Stored data –

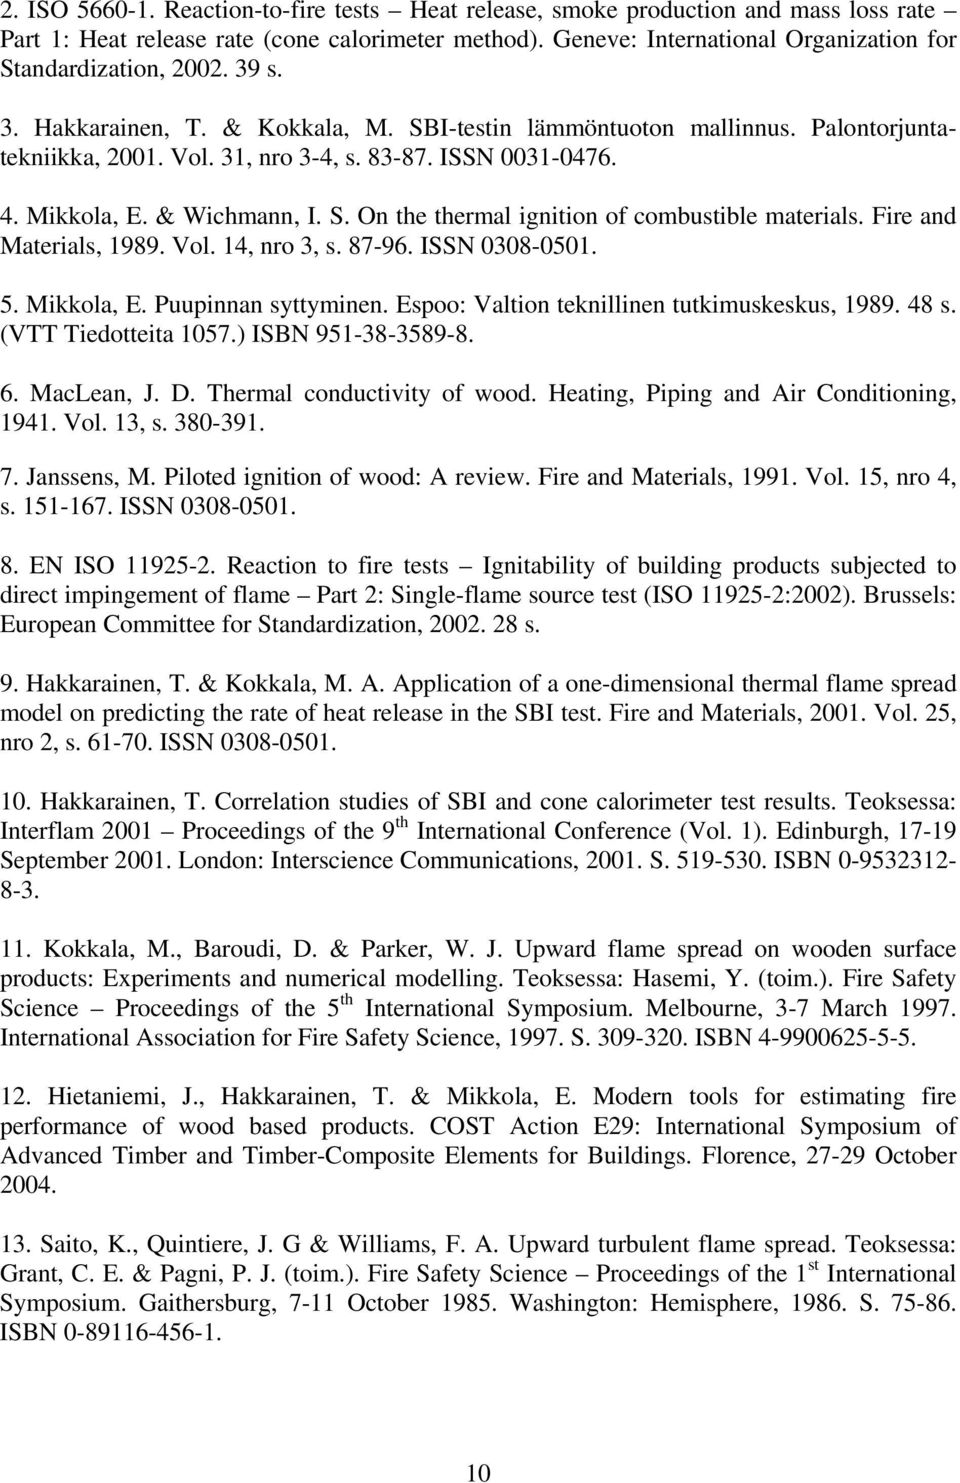 Fire and Materials, 1989. Vol. 14, nro 3, s. 87-96. ISSN 38-51. 5. Mikkola, E. Puupinnan syttyminen. Espoo: Valtion teknillinen tutkimuskeskus, 1989. 48 s. (VTT Tiedotteita 157.) ISBN 951-38-3589-8.
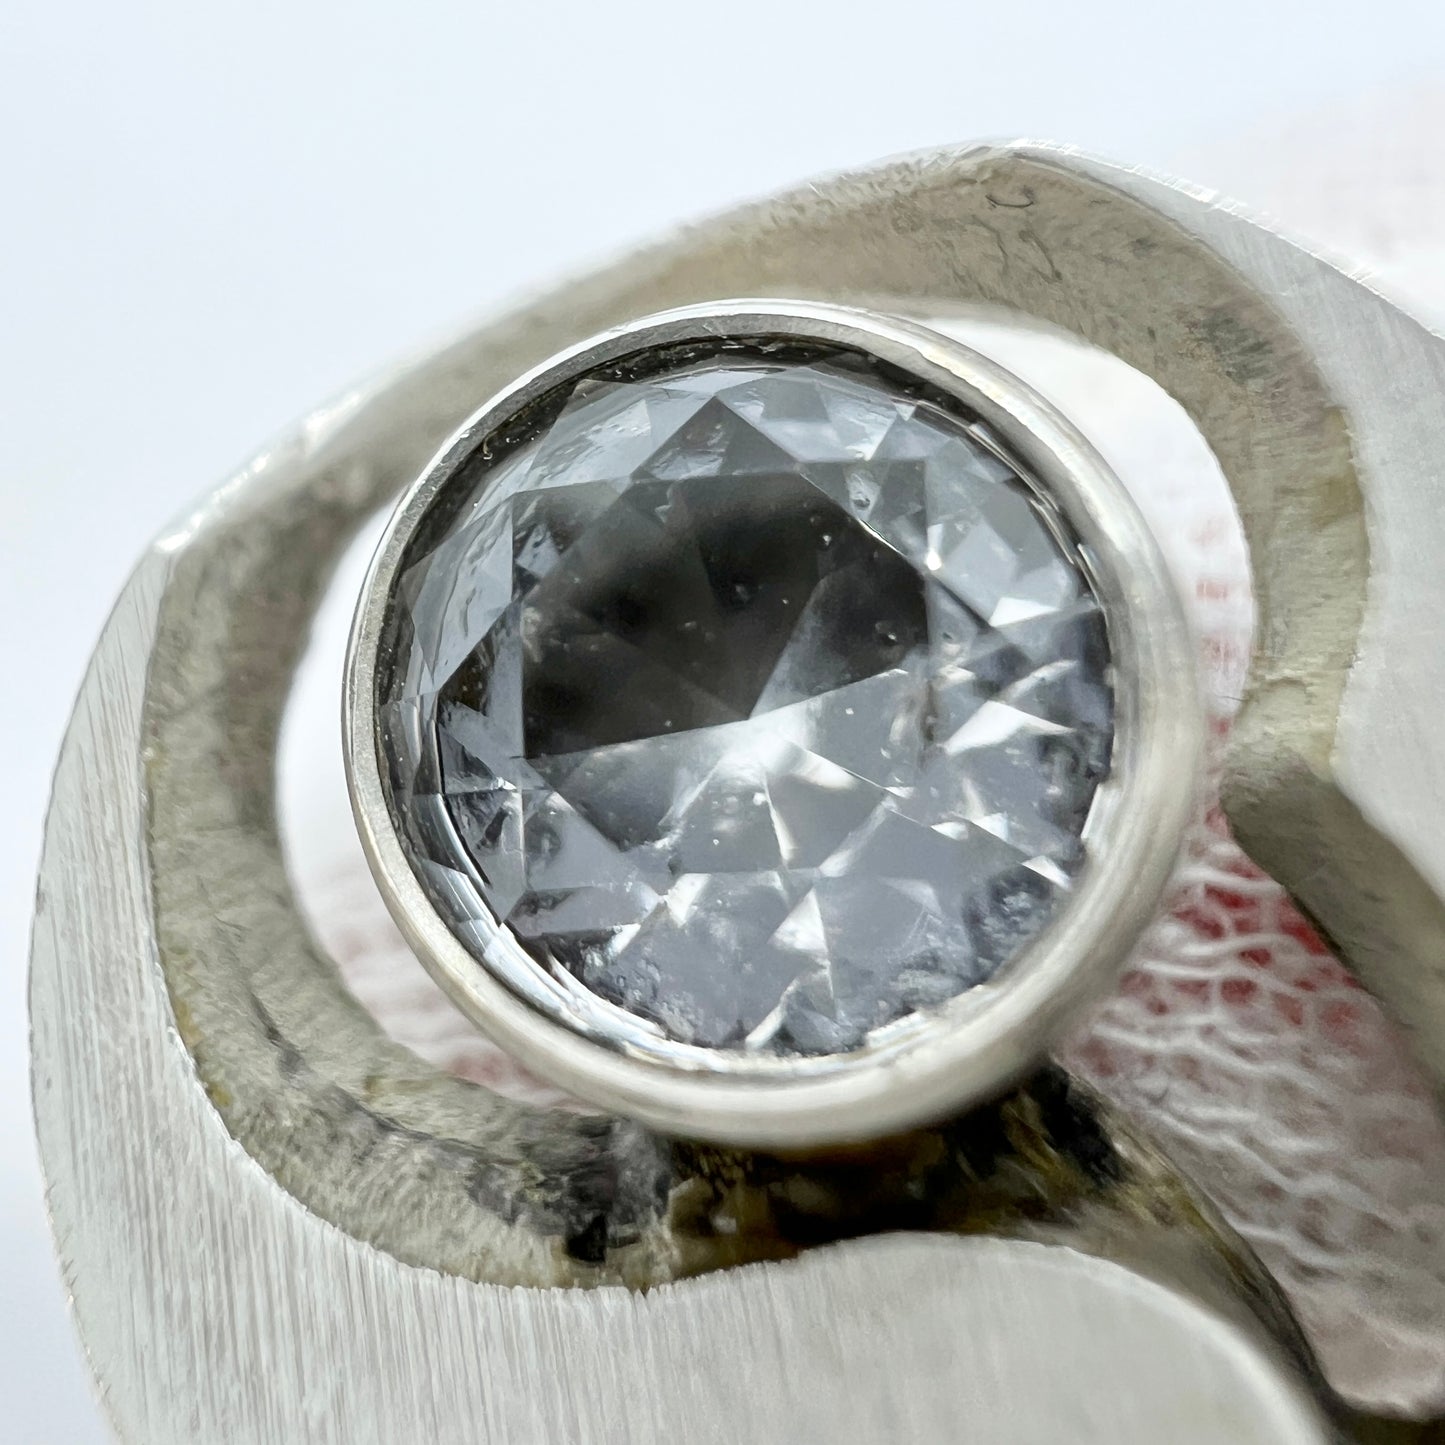 Karl Laine for Sten & Laine, Finland 1977. Vintage Sterling Silver Rock Crystal Ring.
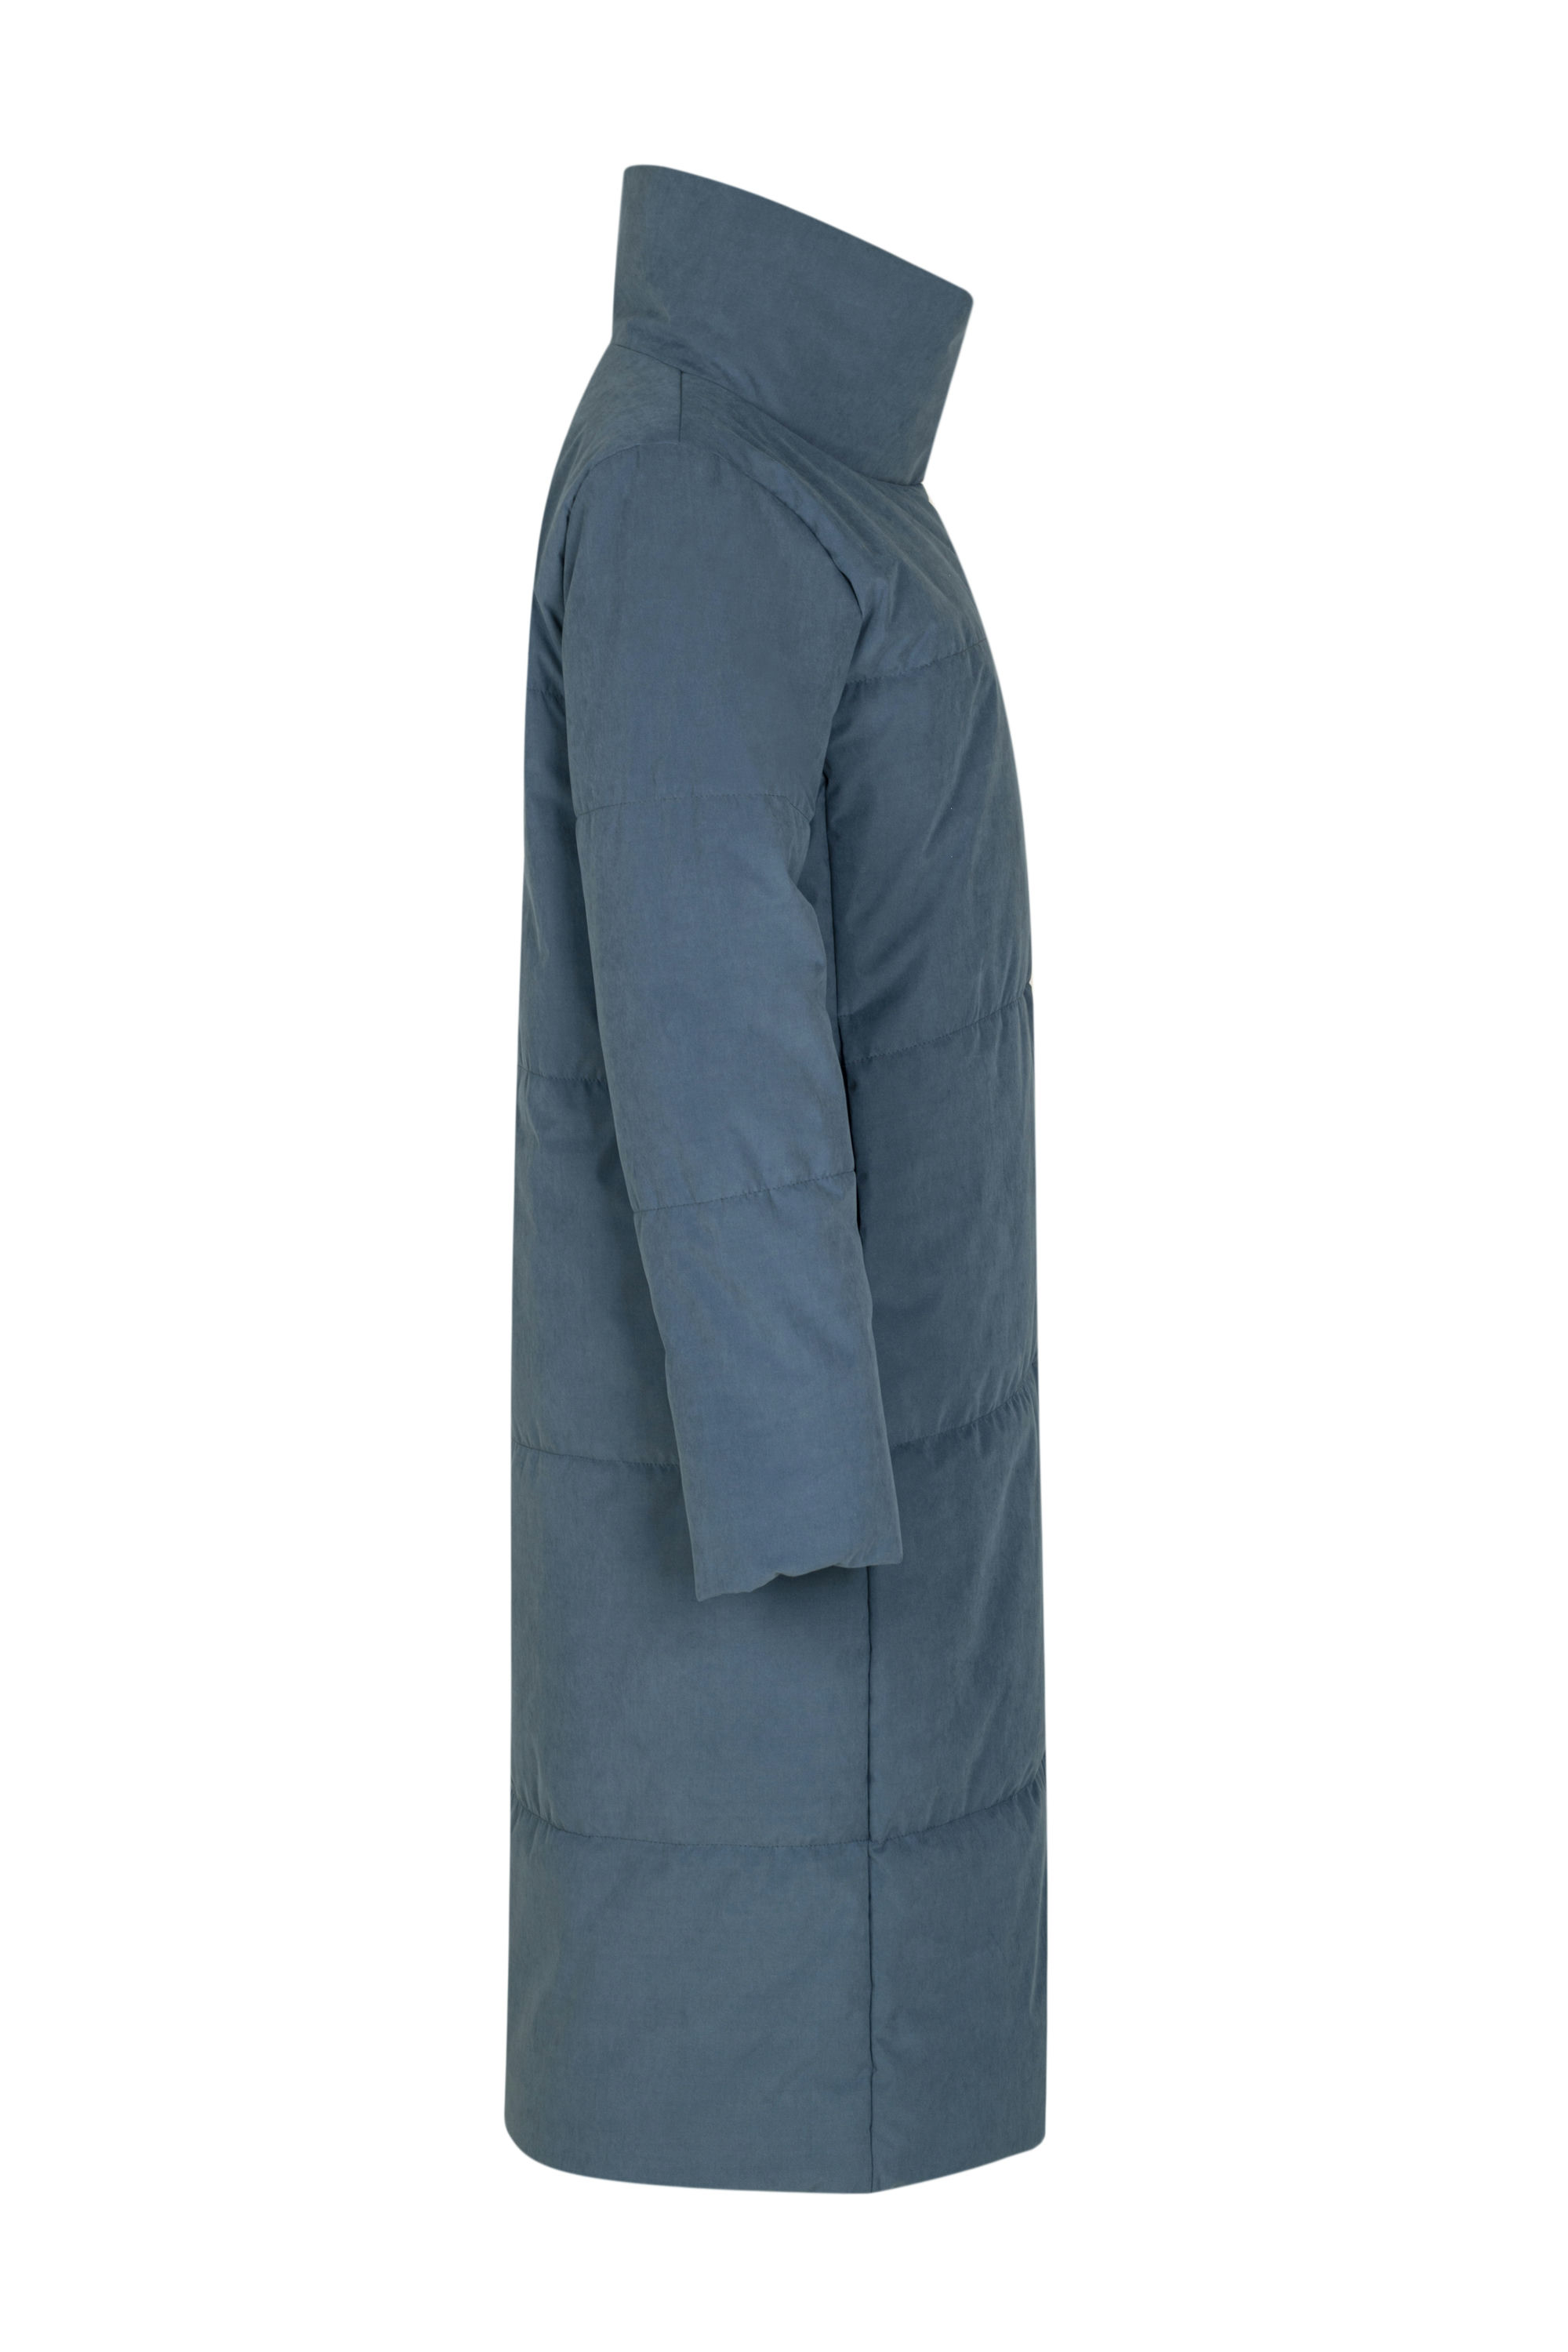 Пальто женское плащевое утепленное 5-12802-1. Фото 2.
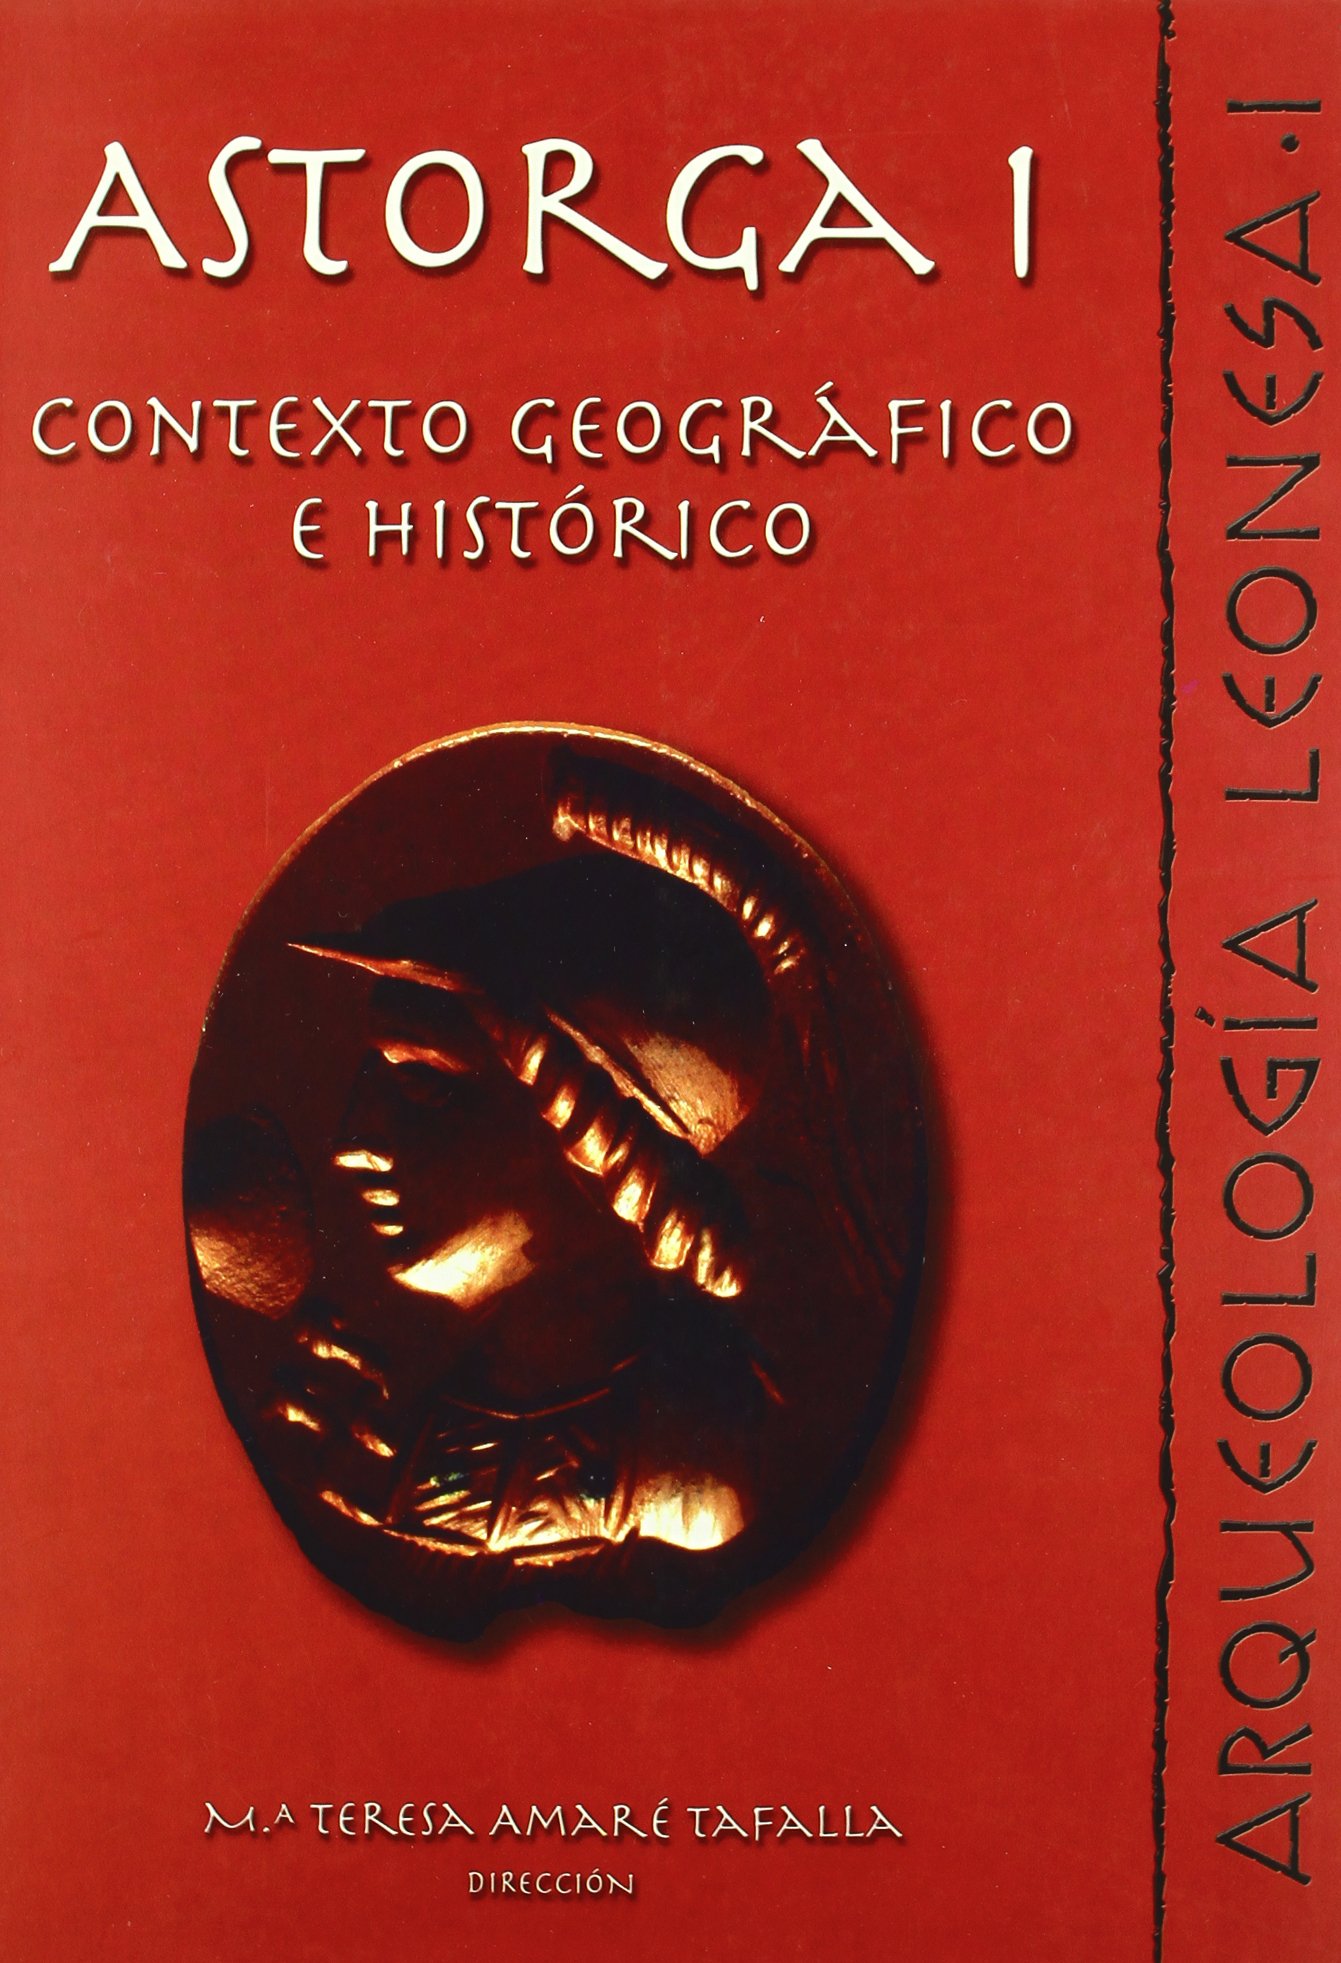 Imagen de portada del libro Astorga

What is being asked – Copy out the listing exactly as it stands, but not the pictures.

Task answer –
 Fire and Materials, 1989. Vol. 14, nro 3, s. 87-96. ISSN 38-51. 5. Mikkola, E. Puupinnan syttyminen. Espoo: Valtion teknillinen tutkimuskeskus, 1989. 48 s. (VTT Tiedotteita 157.) ISBN 951-38-3589-8.
 Karl Laine for Sten & Laine, Finland 1977. Vintage Sterling Silver Rock Crystal Ring.
 Пальто женское плащевое утепленное 5-12802-1. Фото 2.
 Imagen de portada del libro Astorga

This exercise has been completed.